# Math Help - Can you solve this kind of problem on a TI-89 Calc? finding trig angle

1. ## Can you solve this kind of problem on a TI-89 Calc? finding trig angle

I am wanting to know if there is any way that you can solve the following problem by just using your calculator?

Find Exact values using combination of $\frac{\pi}{6}$, $\frac{\pi}{6}$

1. $tan(\frac{\pi}{12})$

2. $sin(\frac{5\pi}{12})$

3. $cos(\frac{11\pi}{12})$

I am looking for a quick and easy way to solve these kinds of problems, just thought that someone could help me!!

Thanks

2. Hello, qbkr21!

Is there any way that you can solve the following problems by using your calculator?

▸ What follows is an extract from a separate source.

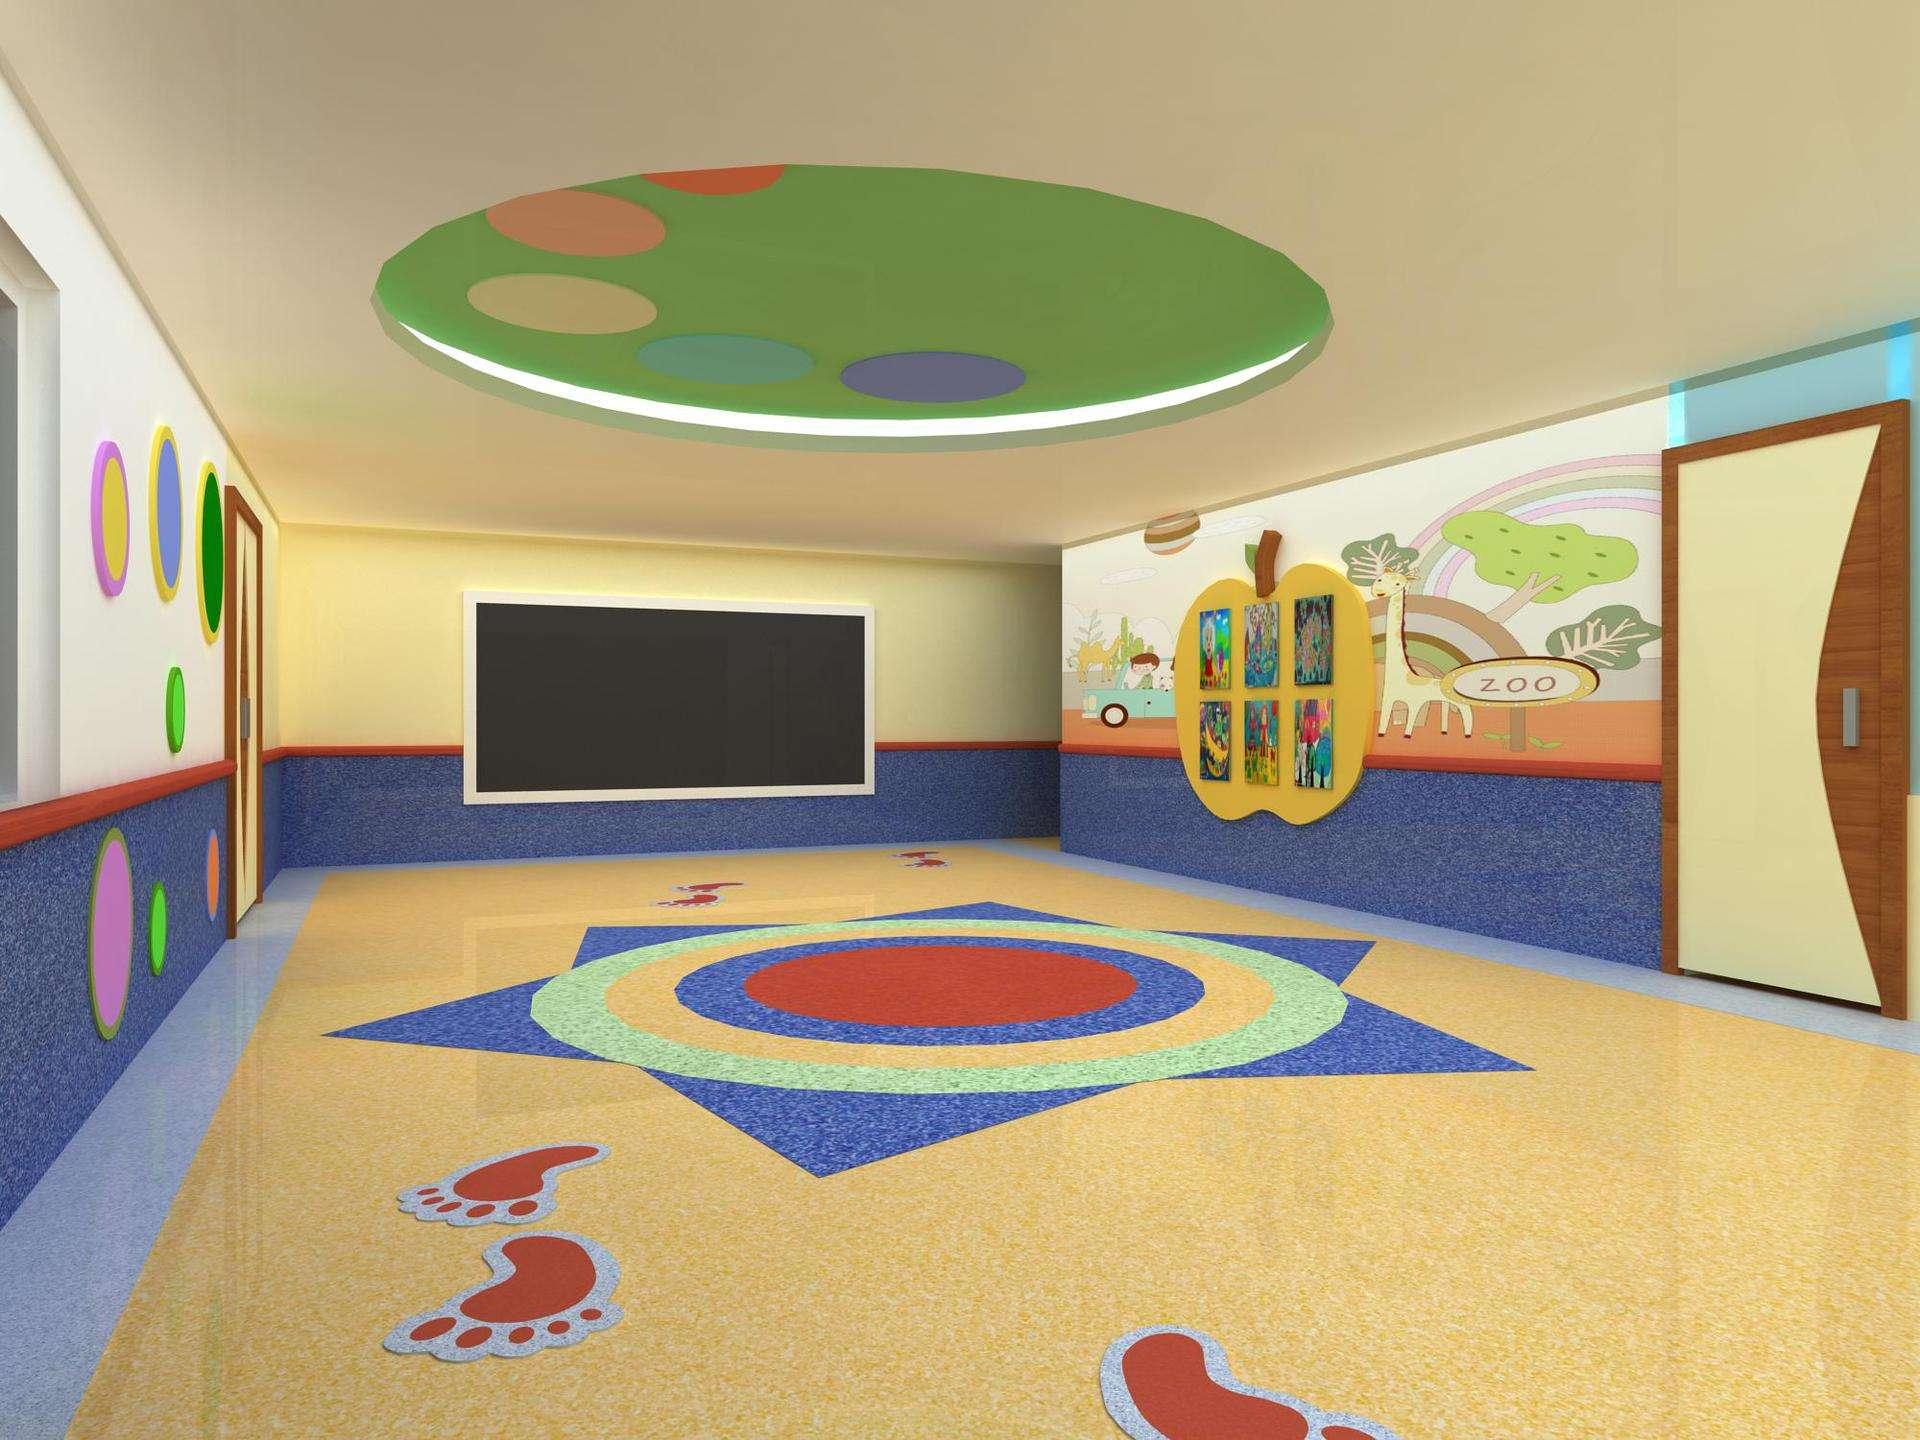 橡胶地板案例展示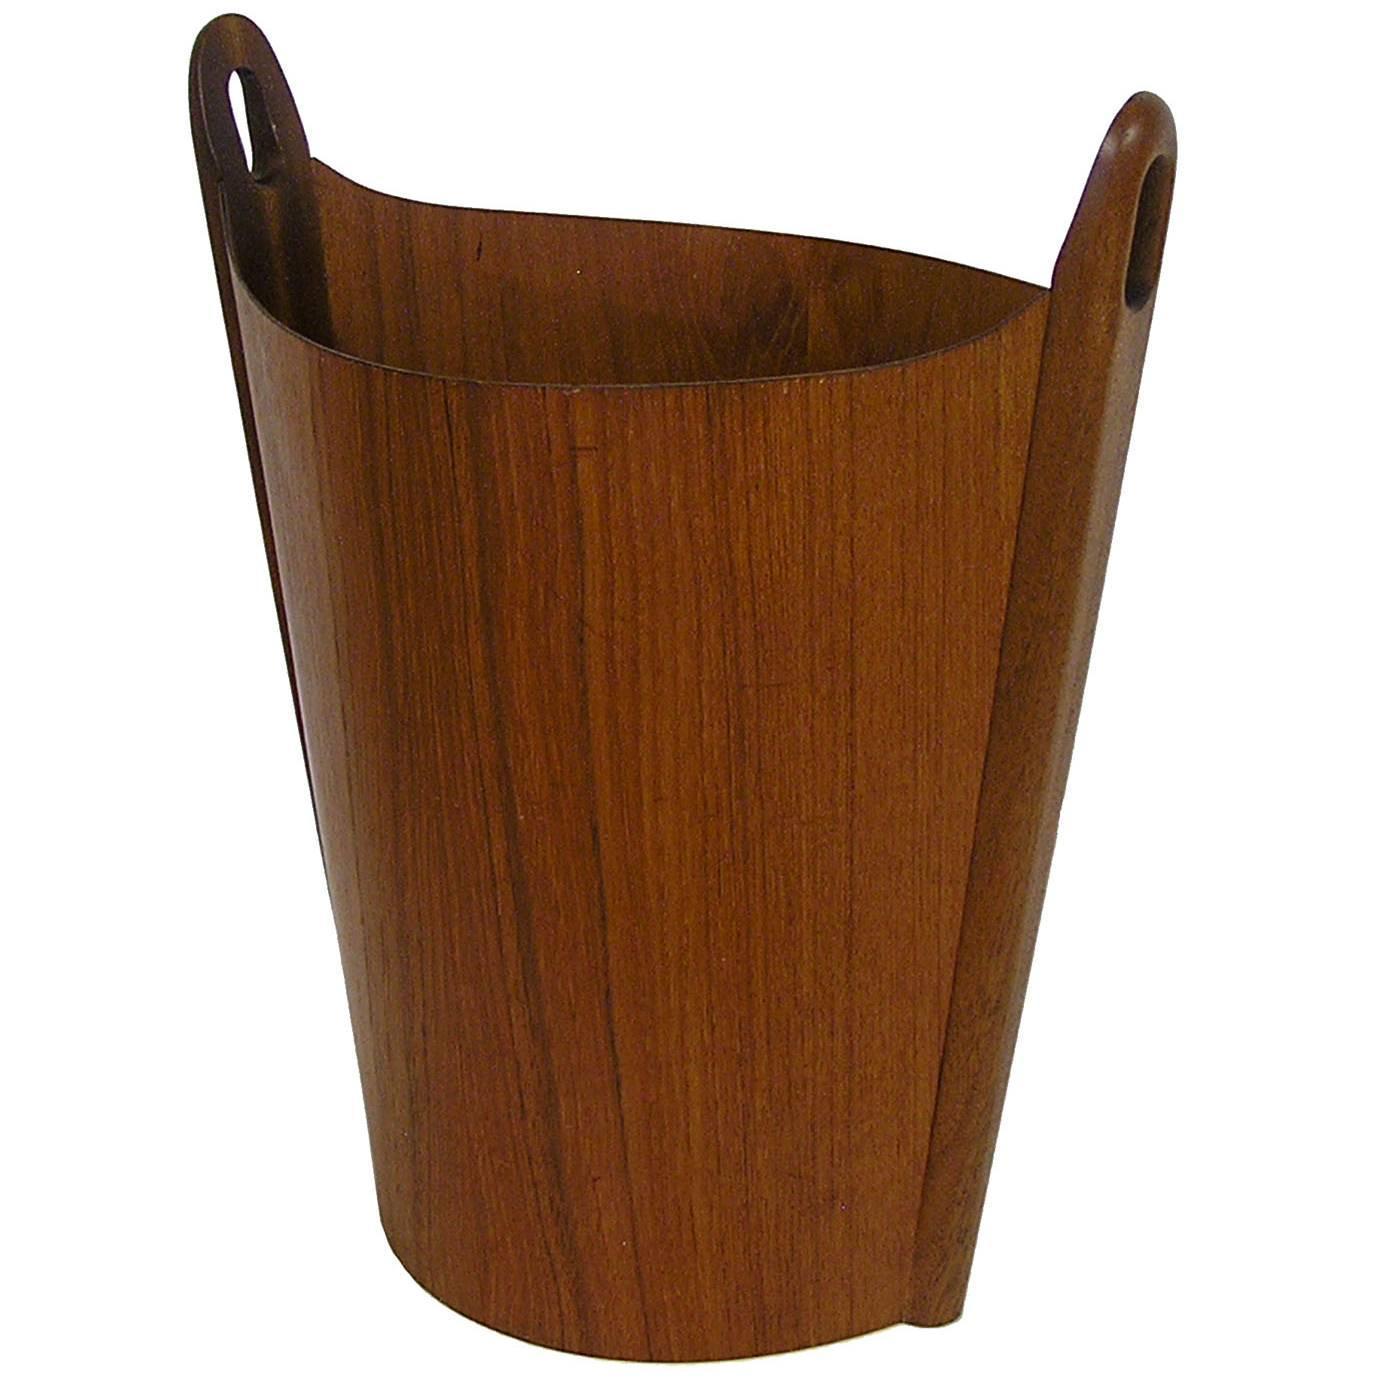 1960s P.S. Heggen Teak Waste Basket by Einar Barnes ...

It may have ten decimal places, but it is not exact.

You are expected to know these identities:

. . $\sin^2\!\theta \:=\:\frac{1 - \cos2\theta}{2}\quad\Rightarrow\quad\sin\theta \:=\:\pm\sqrt{\frac{1 - \cos2\theta}{2}}$

. . $\cos^2\!\theta \:=\:\frac{1 + \cos2\theta}{2}\quad\Rightarrow\quad\cos\theta \:=\:\pm\sqrt{\frac{1 + \cos2\theta}{2}}$

. . $\tan\theta \:=\:\frac{\sin\theta}{\cos\theta} \:=\:\frac{\pm\sqrt{\frac{1-\cos2\theta}{2}}}{\pm\sqrt{\frac{1 + \cos2\theta}{2}}} \:=\: \pm\sqrt{\frac{1-\cos2\theta}{1+\cos2\theta}}$

$1) \;\tan\left(\frac{\pi}{12}\right)$ . π/12 is in Q1; tangent is positive.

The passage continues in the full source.